**What you should do**
When you reach the line containing "Ohrring Typ: Bügel" in the entries below, begin reproducing lines exactly, and stop once the line containing "Gesamtgewicht: 9,1 Gramm" is done.

**Record excerpts**

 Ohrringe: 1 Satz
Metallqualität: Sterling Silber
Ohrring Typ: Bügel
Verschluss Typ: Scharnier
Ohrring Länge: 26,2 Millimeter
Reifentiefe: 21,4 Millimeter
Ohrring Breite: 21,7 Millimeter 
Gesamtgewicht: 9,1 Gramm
...
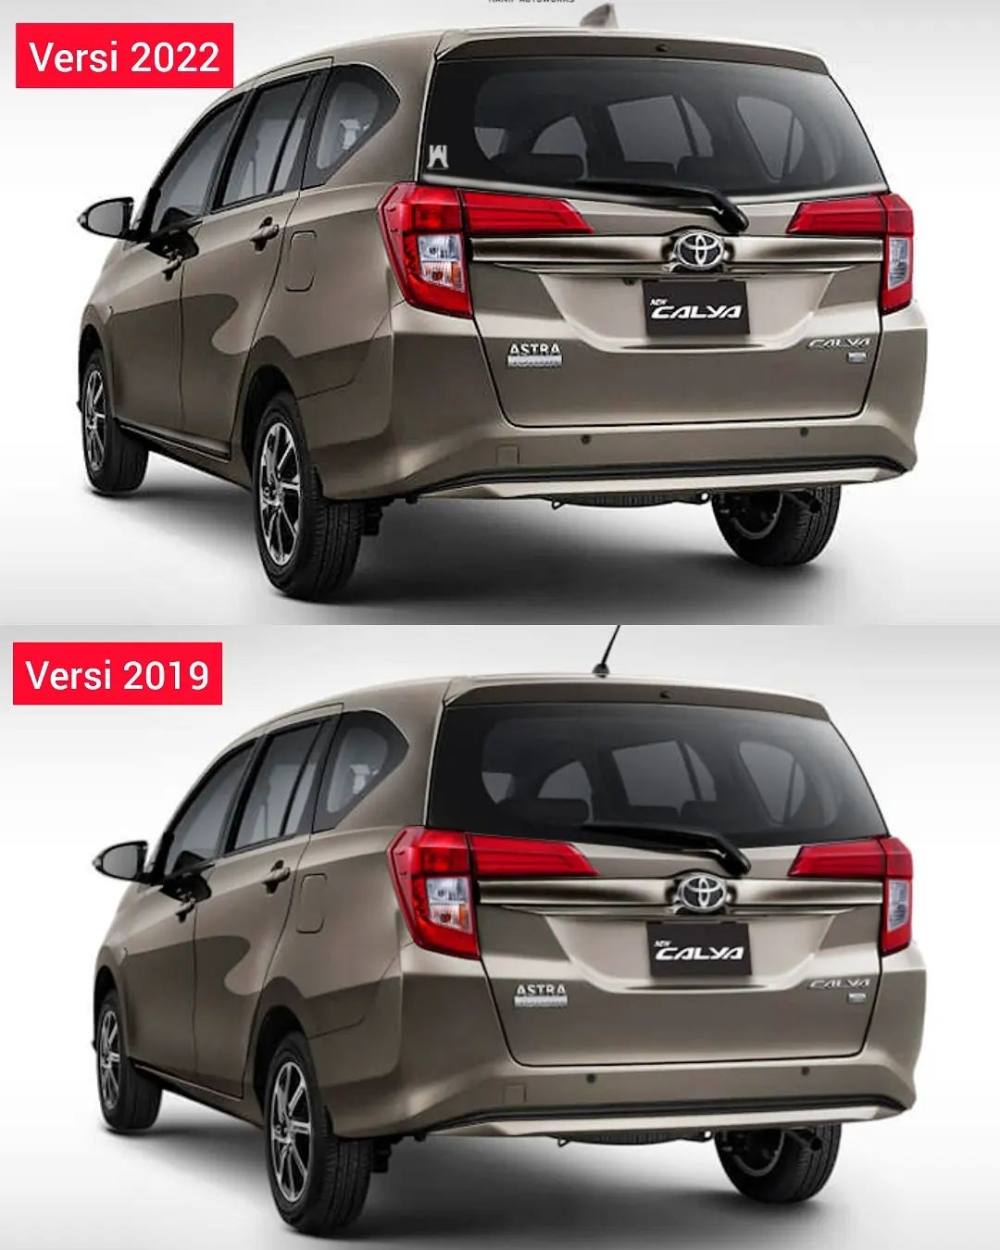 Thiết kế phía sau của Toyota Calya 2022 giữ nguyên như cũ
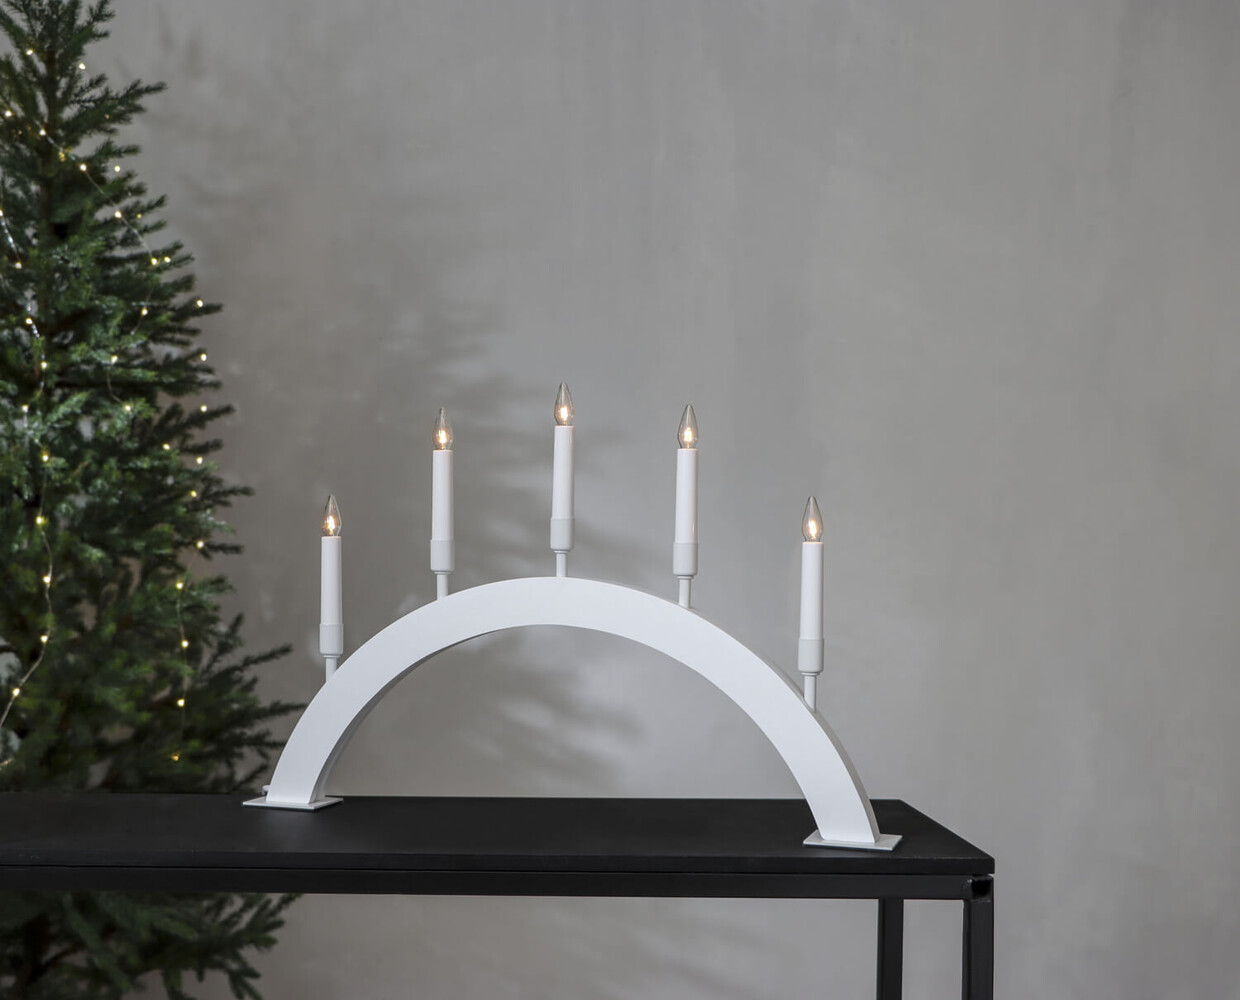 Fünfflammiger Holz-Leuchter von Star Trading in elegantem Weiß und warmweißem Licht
---
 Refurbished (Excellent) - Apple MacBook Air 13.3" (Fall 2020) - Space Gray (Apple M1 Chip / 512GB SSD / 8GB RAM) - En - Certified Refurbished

**Expected answer**
Ohrring Typ: Bügel
Verschluss Typ: Scharnier
Ohrring Länge: 26,2 Millimeter
Reifentiefe: 21,4 Millimeter
Ohrring Breite: 21,7 Millimeter 
Gesamtgewicht: 9,1 Gramm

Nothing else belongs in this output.